DBSCAN
Description
DBSCAN (Density-Based Spatial Clustering of Applications with Noise) is an unsupervised clustering algorithm that groups together closely packed points (points with many nearby neighbors), while marking points that lie alone in low-density regions as outliers. Unlike K-Means, it does not require the number of clusters to be specified in advance and can find arbitrarily shaped clusters.
How It Works
- Core Point: A point with at least a minimum number of neighboring points (MinPts) within a given radius (ε).
- Border Point: A point within ε of a core point, but with fewer than MinPts neighbors.
- Noise Point: A point that is neither a core point nor a border point.
- The algorithm expands clusters from core points by including density-reachable points.
Examples
Python Example of DBSCAN
from sklearn.datasets import make_moons
from sklearn.cluster import DBSCAN
import matplotlib.pyplot as plt
# Generate sample data
X, _ = make_moons(n_samples=300, noise=0.05, random_state=0)
# Apply DBSCAN
db = DBSCAN(eps=0.2, min_samples=5)
labels = db.fit_predict(X)
# Plot the clusters
plt.scatter(X[:, 0], X[:, 1], c=labels, cmap='plasma')

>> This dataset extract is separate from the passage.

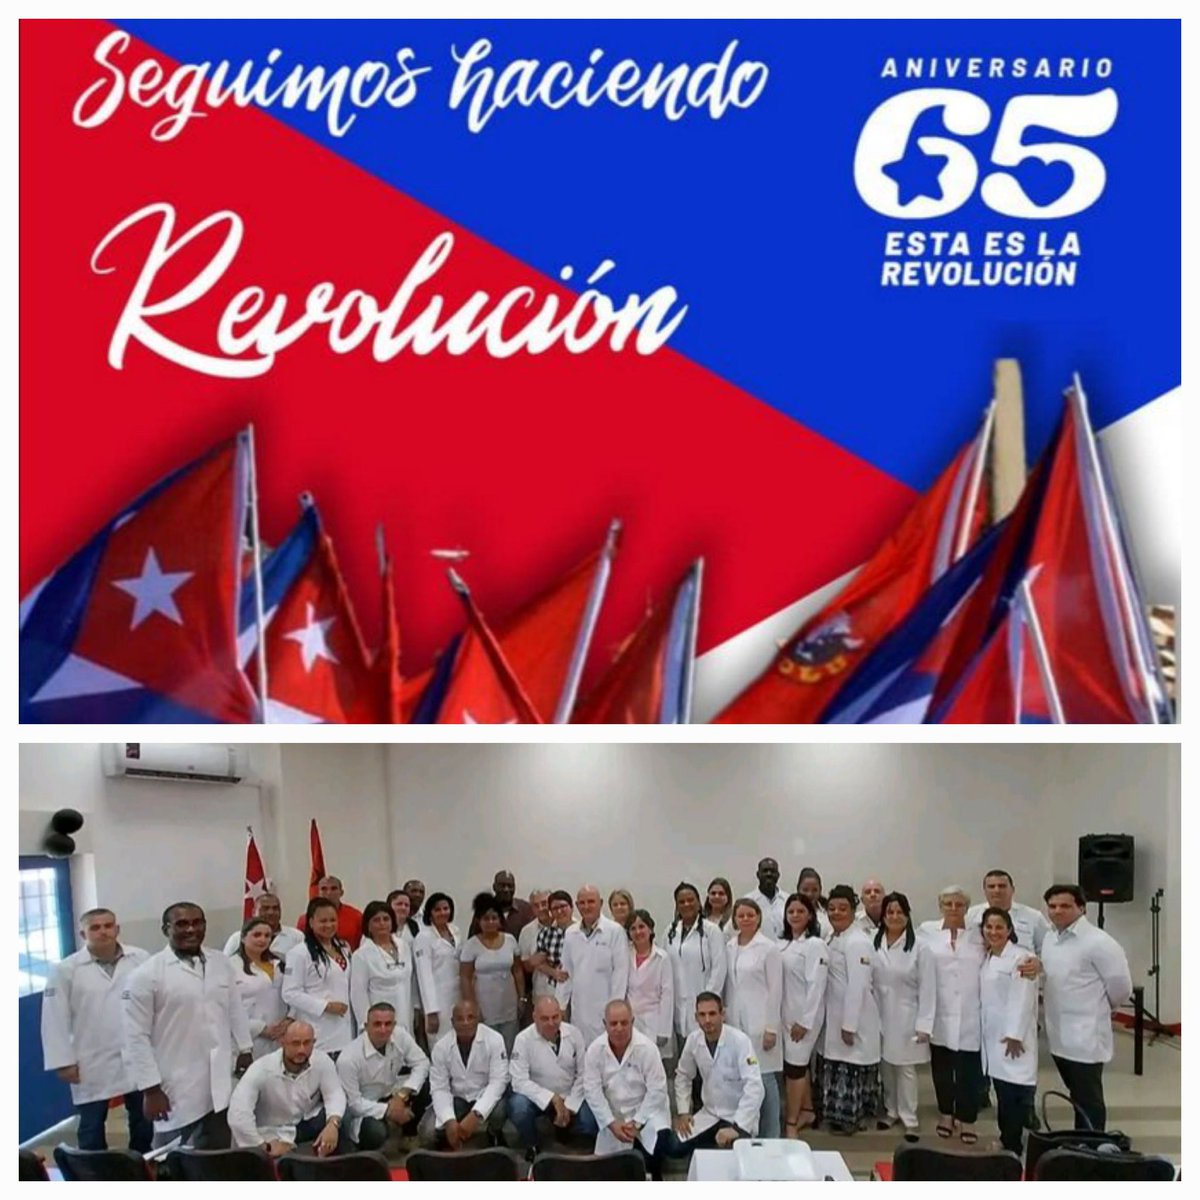 Orgulloso de tener mi otra familia en esta #BMCGu8neaBissau. Seguimos haciendo historia por nuestro 65 Aniversario. Gracias mi Cuba bella. #BMCGuineaBissau #CubaCoopera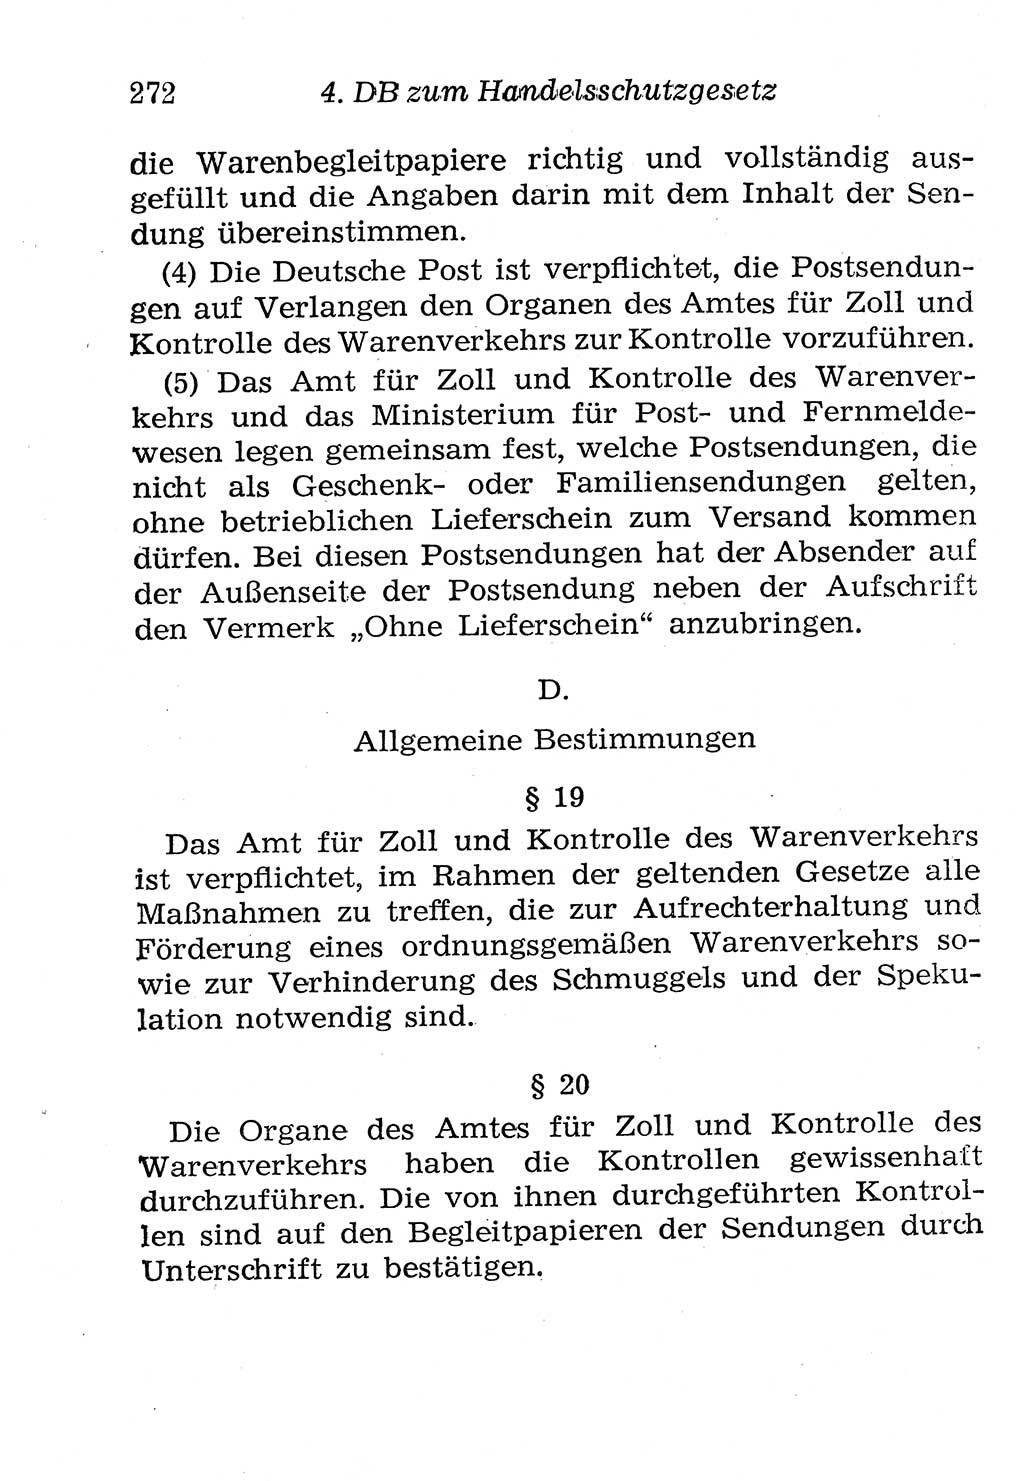 Strafgesetzbuch (StGB) und andere Strafgesetze [Deutsche Demokratische Republik (DDR)] 1958, Seite 272 (StGB Strafges. DDR 1958, S. 272)

plt.title("DBSCAN Clustering")
plt.show()
Real-World Applications
DBSCAN Applications
- Geospatial Data: Identifying geographical clusters such as hotspots or cities
- Anomaly Detection: Identifying outliers in transaction records or sensor data
- Astronomy: Detecting celestial bodies in space images based on density
- Social Media Analysis: Grouping users based on behavior without predefining groups

Resources
The following resources will be manually added later:
Video Tutorials
PDF/DOC Materials
Interview Questions
1. What makes DBSCAN different from K-Means?
Unlike K-Means, DBSCAN does not require the number of clusters to be specified beforehand and can find clusters of arbitrary shapes. It also handles outliers naturally by labeling them as noise.
2. What are the parameters of DBSCAN and how do they affect clustering?
eps (ε): Radius to consider neighbors around a point. Too small may result in more noise; too large may merge clusters.
min_samples: Minimum number of points to form a dense region. Affects sensitivity to noise and size of clusters.
3. What are the limitations of DBSCAN?
DBSCAN struggles with clusters of varying densities and can be sensitive to the choice of ε and MinPts. It also does not scale well to high-dimensional data.
4. How does DBSCAN classify noise?
Any point that is not a core point and not reachable from any other core point is classified as noise and assigned a label of -1.
5. Is DBSCAN deterministic?
Yes, DBSCAN is deterministic as long as the input data and parameters remain the same. It does not involve random initialization like K-Means.